In order to study the effect of doping on TiO₂(B) electronic properties, EIS measurements were carried out for all samples. The representation of impedance spectra in Nyquist diagrams (Z″ vs. Z′) reveals depressed semicircle, reflecting the conductivity of the material and arc characterizing the interfacial phenomena, as shown in the enlarged view in Figure 5a (full-scale range EIS spectra are given in Figure S4, Supplementary Materials). The analysis of impedance plots was performed in ZView 3.3c software using the electrical equivalent circuit (Figure 5a, inset), comprising the electrode resistance (R_el), bulk resistance of the sample (R_b) and its geometric capacitance (C_g), double-layer capacitance (C_dl), and charge transfer resistance (R_ct). According to impedance data fitting, the conductivity of nickel-containing materials was calculated as 9.78 × 10⁻¹⁰ S·cm⁻¹ (TO-Ni-02), 2.24 × 10⁻⁸ S·cm⁻¹ (TO-Ni-05), and 5.48 × 10⁻⁹ S·cm⁻¹ (TO-Ni-08), whereas, for the TO sample, it was 1.05 × 10⁻¹⁰ S·cm⁻¹. Hence, the conductivity of titanium dioxide increased by approximately 100-fold after the incorporation of nickel dopant. In accordance with [45], this can be explained by the generation of a localized Ni 3d energy state within the TiO₂(B) band structure. It is important to note that the electronic properties of titanium dioxide were improved steadily up to Ni/Ti = 0.05, while a subsequent extension in nickel content (Ni/Ti = 0.08) was accompanied by a decrease in conductivity. This was seemingly due to low-to-moderate amounts of Ni²⁺ ions being successfully incorporated into the TiO₂(B) crystal lattice, while an excess of dopant led to the formation of an NiO phase with pronounced dielectric properties (conductivity equal to 10⁻¹³ S·cm⁻¹ [46]). Regarding the TO-Zn-02 and TO-Zn-05 samples, it can be concluded that Zn doping also had an influence on the electroconductive properties of bronze TiO₂. In particular, the conductivity of TO-Zn-02 and TO-Zn-05 materials was measured as 3.29 × 10⁻⁹ and 2.09 × 10−⁹ S·cm⁻¹, respectively.

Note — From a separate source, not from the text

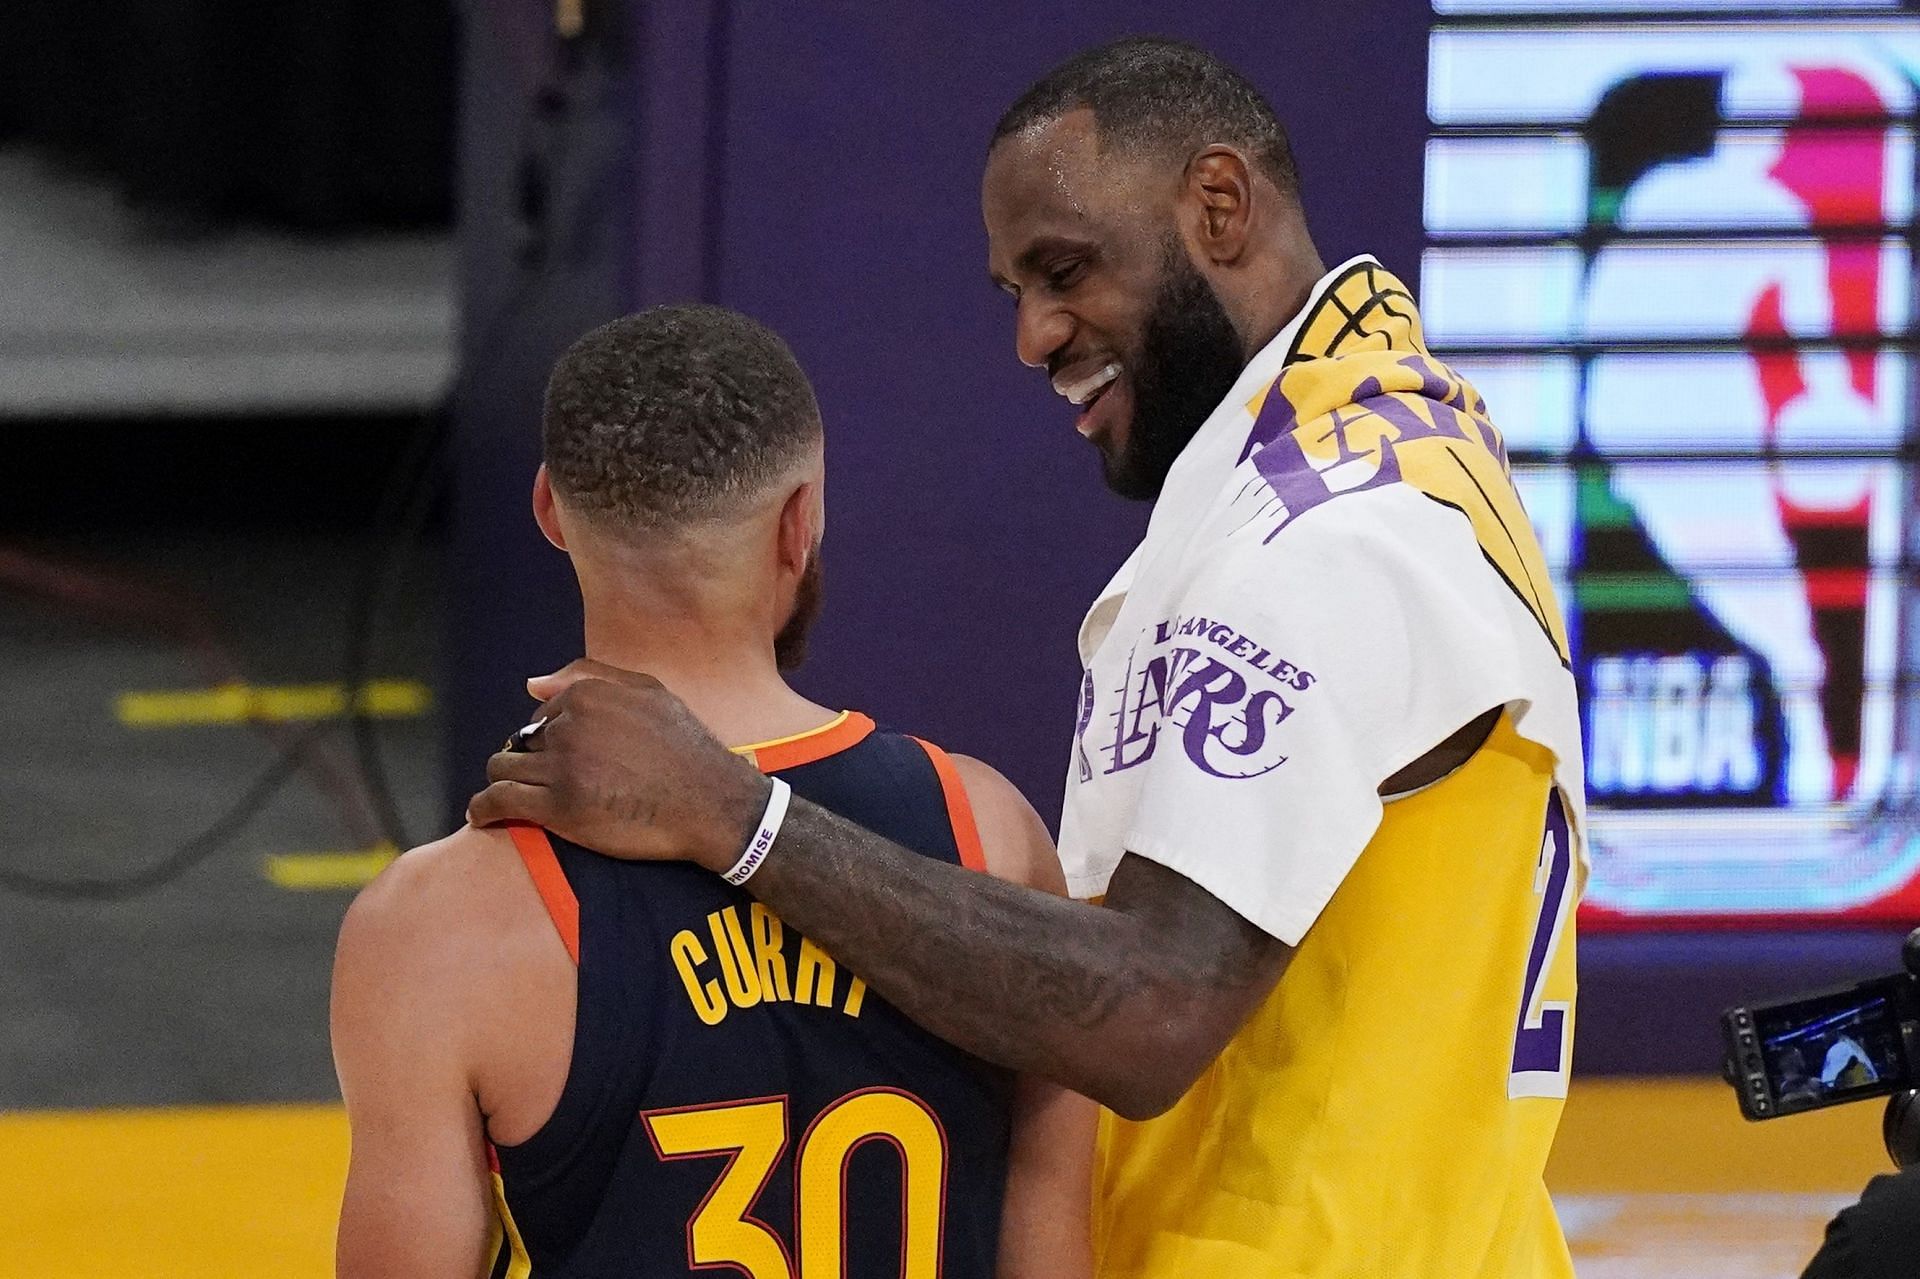 LeBron James has given the ultimate praise to Steph Curry as the Golden State Warriors superstar is about to break the all-time record in three-point shots made [Photo: Bleacher Report]

To gain insight into the electronic structure of nickel- and zinc-containing TiO₂(B), UV–Vis experiments were performed for TO, TO-Ni-05, and TO-Zn-02 materials in the wavelength range of 200–800 nm, as shown in Figure 5b. The data obviously reveal changes in the absorbance curve, with a shift in the absorption edge to the visible-light region for nickel-containing TiO₂(B) nanobelts. According to previous reports [45,47], this red shift may be related to the appearance of Ni 3d energy levels in the middle of the TiO₂ band gap. Furthermore, the spectrum of the TO-Ni-05 sample showed an absorption peak with a maximum at approximately 725 nm, the intensity of which strongly depended on nickel concentration (Figure S5, Supplementary Materials). This peak has previously been reported in the literature and was attributed to Ni²⁺ ions in the octahedral coordination [48]. With regard to Zn-doped TiO₂(B), its absorption edge also moved slightly toward longer wavelengths (i.e., red-shifted) as compared to the undoped sample. According to the literature [47], this may be due to the introduction of impure Zn 3d electronic levels mixed with the O 2p states. The band gap energy, $E_{\mathrm{g}}$, of materials was estimated using the Tauc method (Equation (2)) for indirect ($\gamma$ = 2) electron transition via the Kubelka–Munk function $F\left(R_{\infty }\right)$.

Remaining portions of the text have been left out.